Contributors: Nikolaos Giannopoulos, Dimitrios Andronikou
Spring Semester 2021 - 2022
The code based on the main.c file written was based on the ASCII table to allow us to ignore lowercase Latin ,symbols.
Figure 1 shows the ASCII table which in this paper/lab we used as a first check if the input to our routine by taking the 1byte in register r4 is NUL i.e. an empty alphanumeric if it is true then we go to the EXIT label and terminate our routine. Then we check if it is less than the decimal equivalent of / if true then we go to label LOOP and get the next byte otherwise we then check if it is less than the character : if it is then we go to label START otherwise if it is not less we go to the next check and see if it is greater than the character @ if true then we go to label START otherwise again we go to label LOOP and get the next byte i.e. we ensure that if it is a symbol : ? < = > ? @ then we ignore it and go to the next one. When we are inside after label START then we check if the character is greater than the symbol [ if true then we go to label LOOP to get the next byte. Otherwise if it is not true then the whole process of checking the alphanumeric and converting it based on the Hash table of the task starts. Finally when we find the EXIT label then we write the final result from register r5 to the memory location of r1 which is the second argument of the function returning the value.
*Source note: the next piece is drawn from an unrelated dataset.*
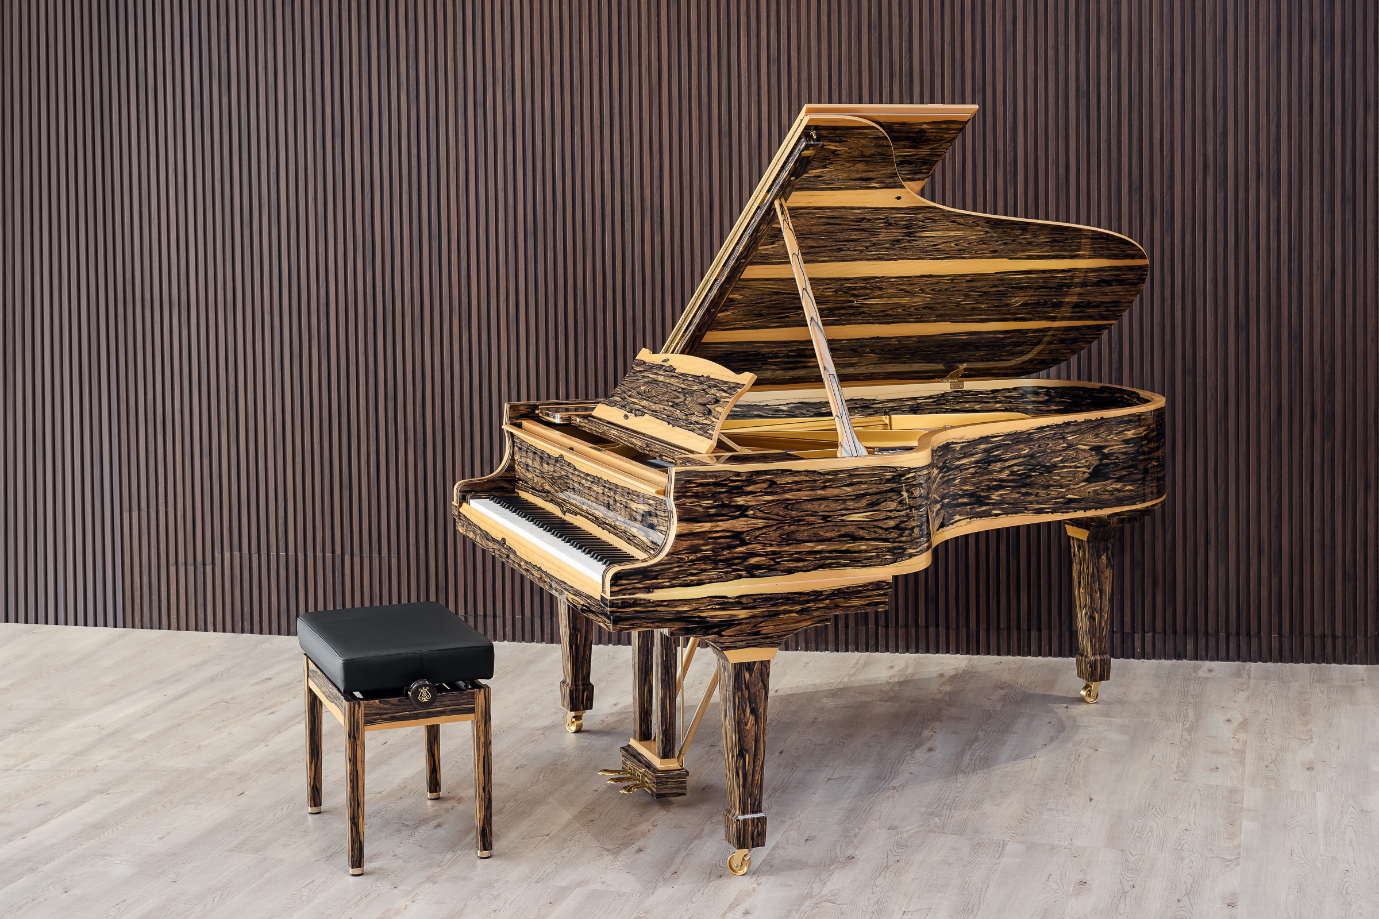 The Steinway Crown Jewel on which Joja Wendt performed on during the event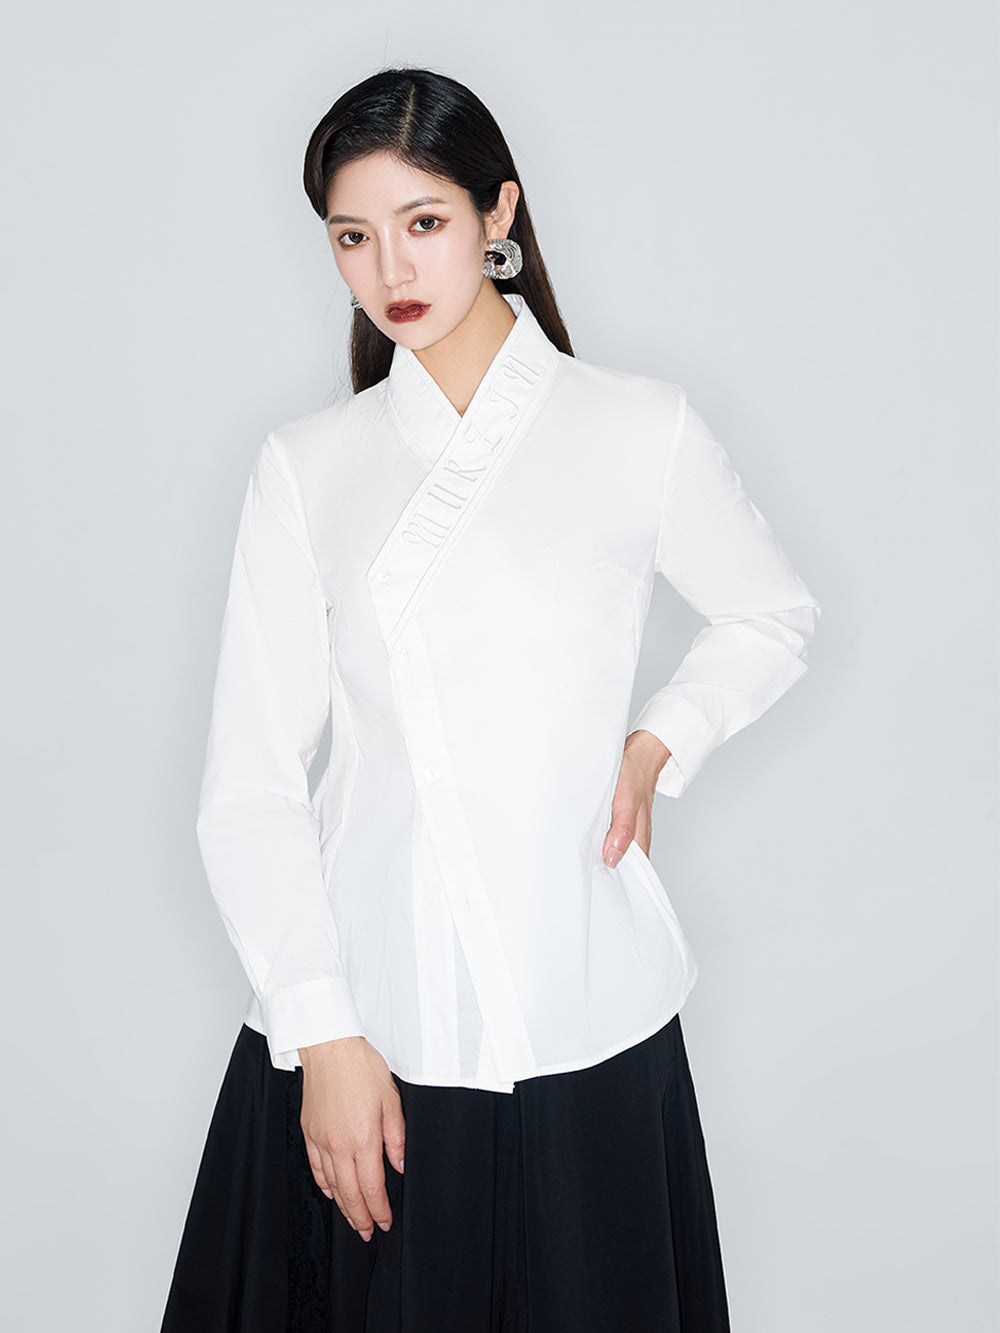 MUKZIN Linglong Series "White Orchid" New Chinese Letter Embroidery Slim Fit Cross-Breasted Hanfu Shirt

The main problem was the missing indication of the Keil tool as there were problems in the compile that required compiler version 5.The other issue was the white spaces where we were not given any help but had to find it ourselves as the tool did not clarify where there was a problem in the gaps.
Another problem was in the first tests where the debugger did not and had the error "Error: Could not load file 'D:\DocData\school\eight\micro\keil\new1\Objects\ex1.axf'. Debugger borted !"
The testing was done by giving values for each control mentioned above to verify its correct operation. We then tested the example given in the lab pdf i.e. value = "σAr, PE 2!" and we got the result of 66 as it should be.